====== Provided data ======

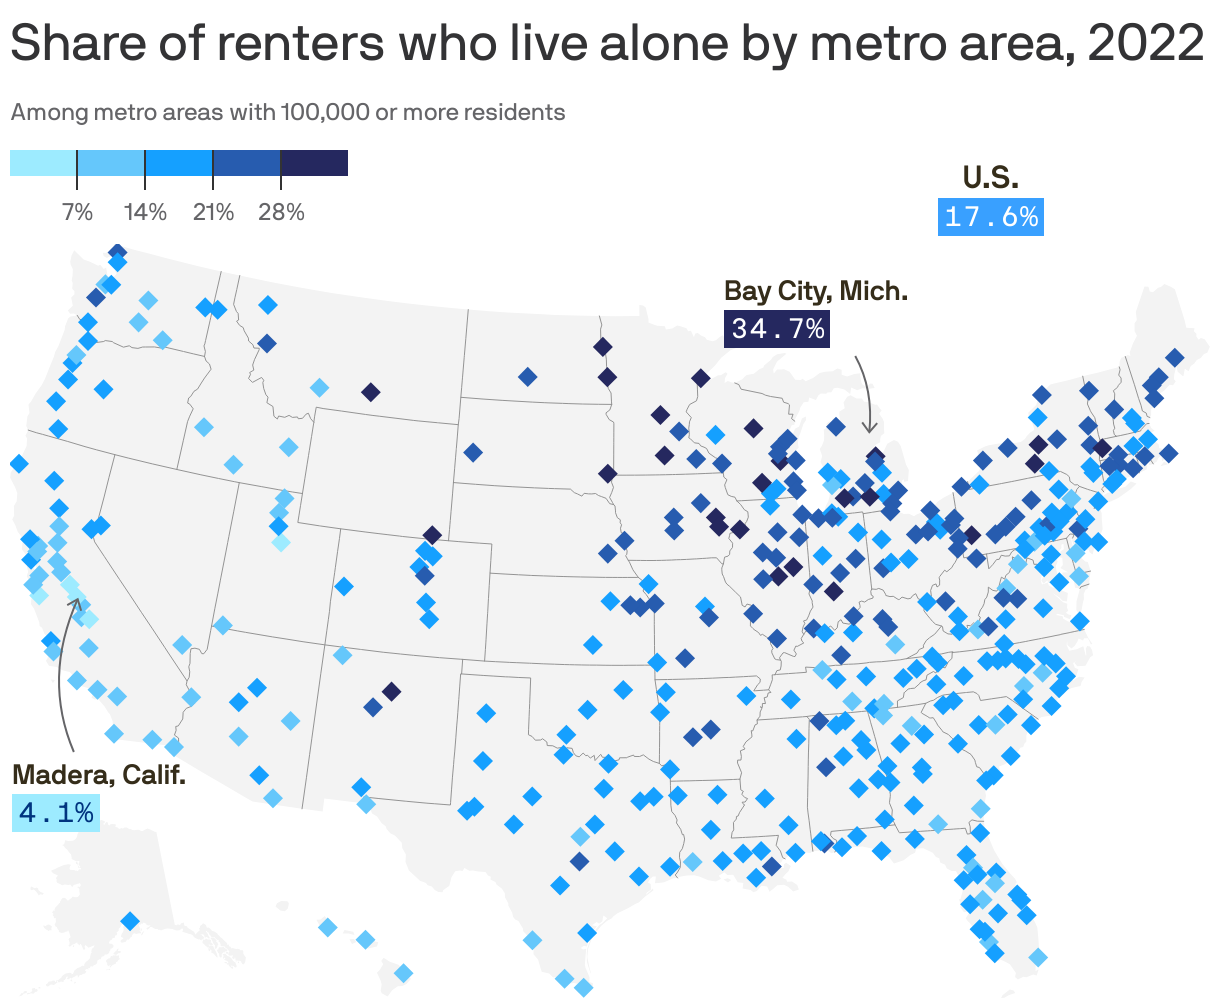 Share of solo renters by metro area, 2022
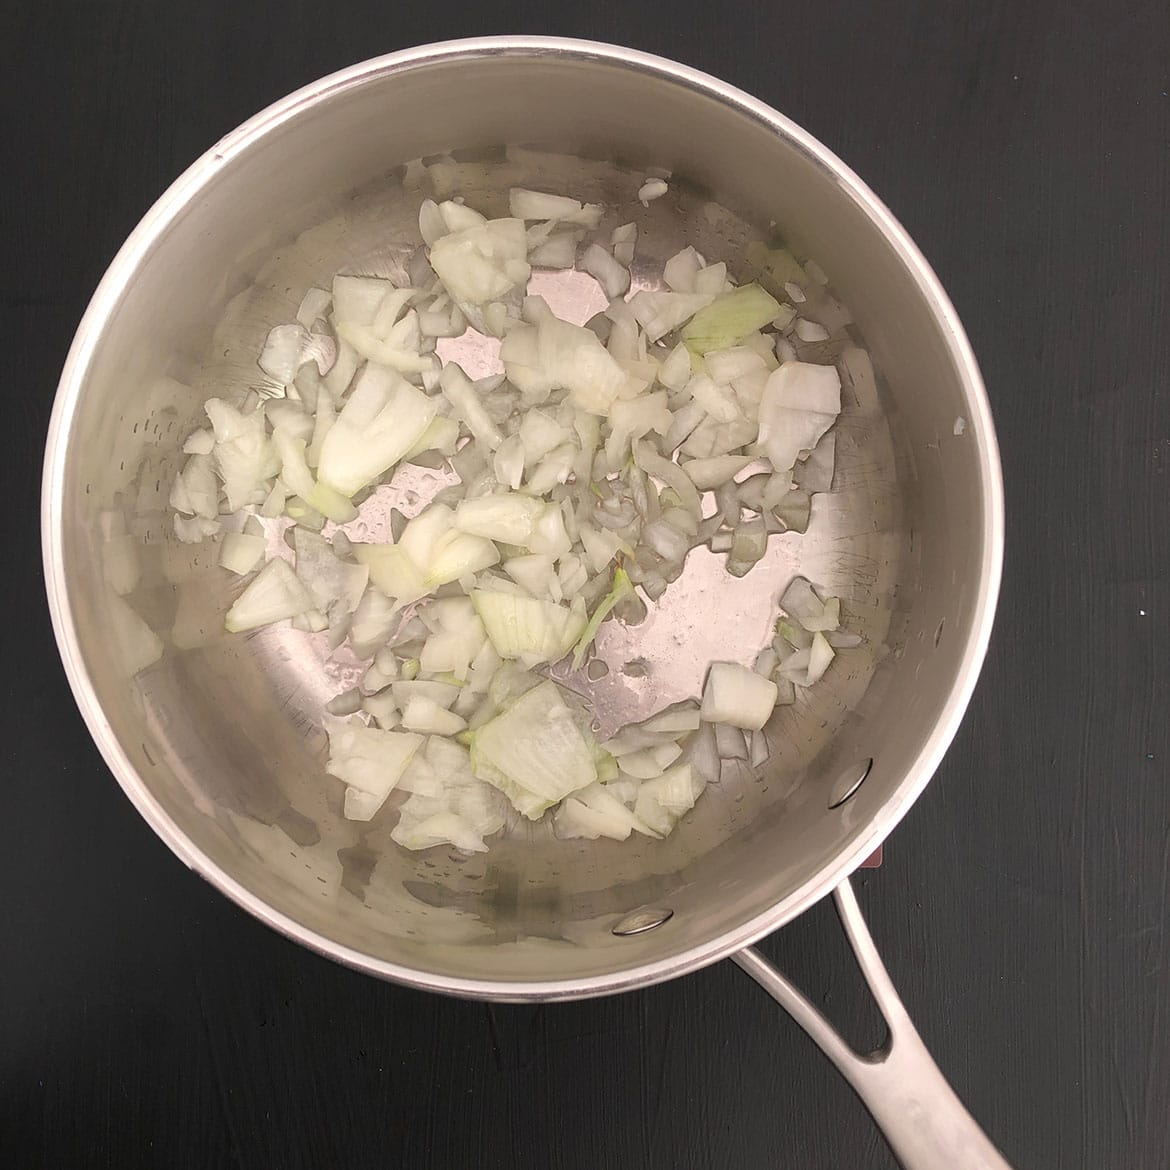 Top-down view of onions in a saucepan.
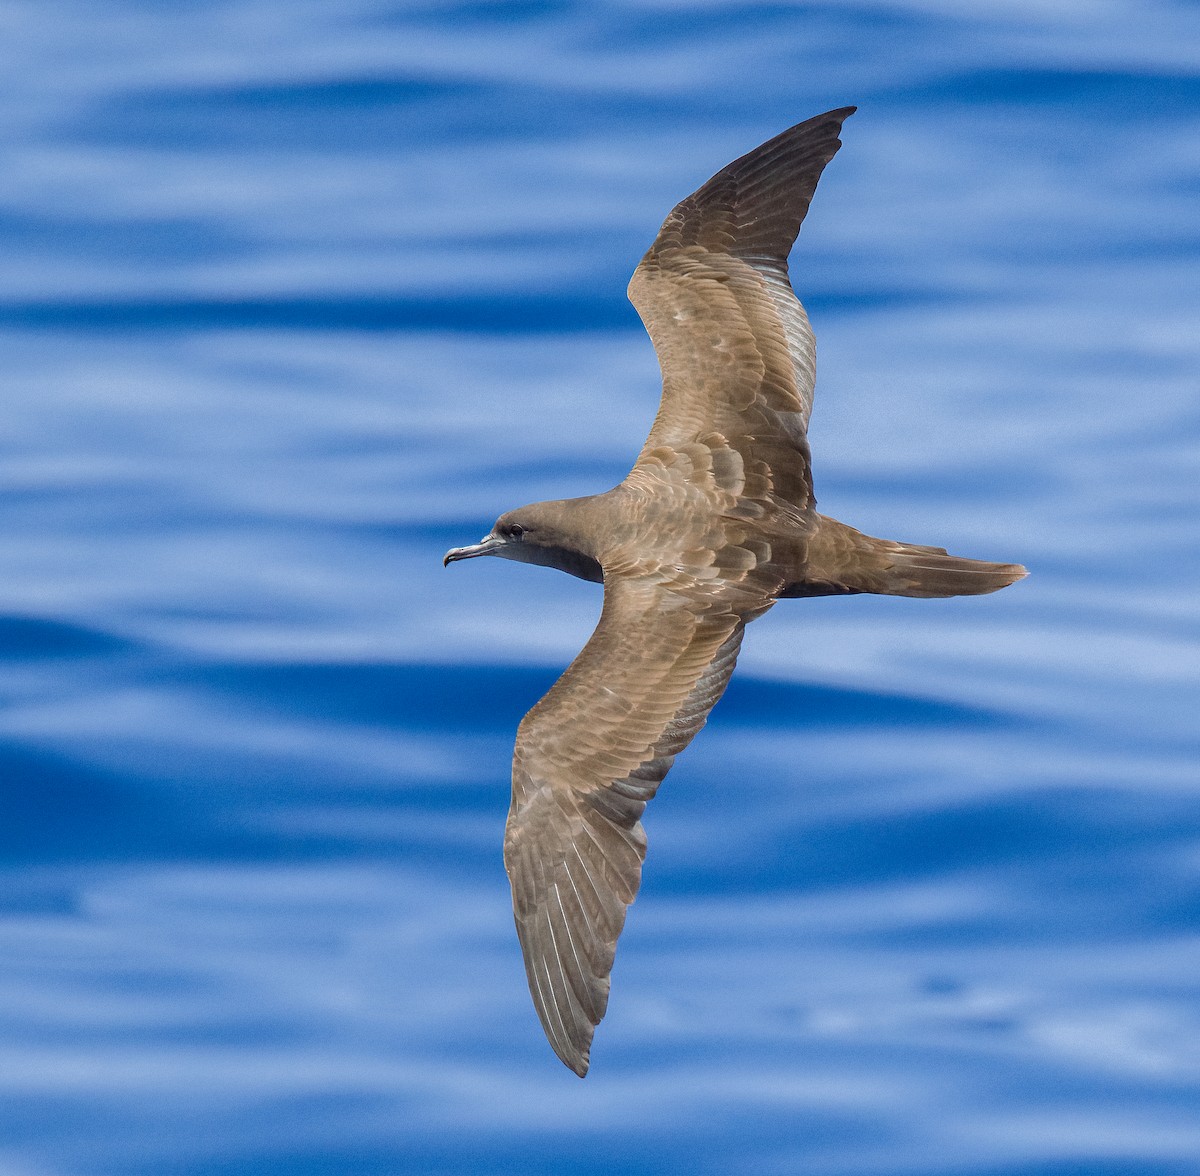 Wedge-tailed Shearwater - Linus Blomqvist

======

*Aim of the task*:
Please set down every line of the data above precisely, dropping the images.

*Solution to the exercise*:
 Share of solo renters by metro area, 2022
 Top-down view of onions in a saucepan.
 Wedge-tailed Shearwater - Linus Blomqvist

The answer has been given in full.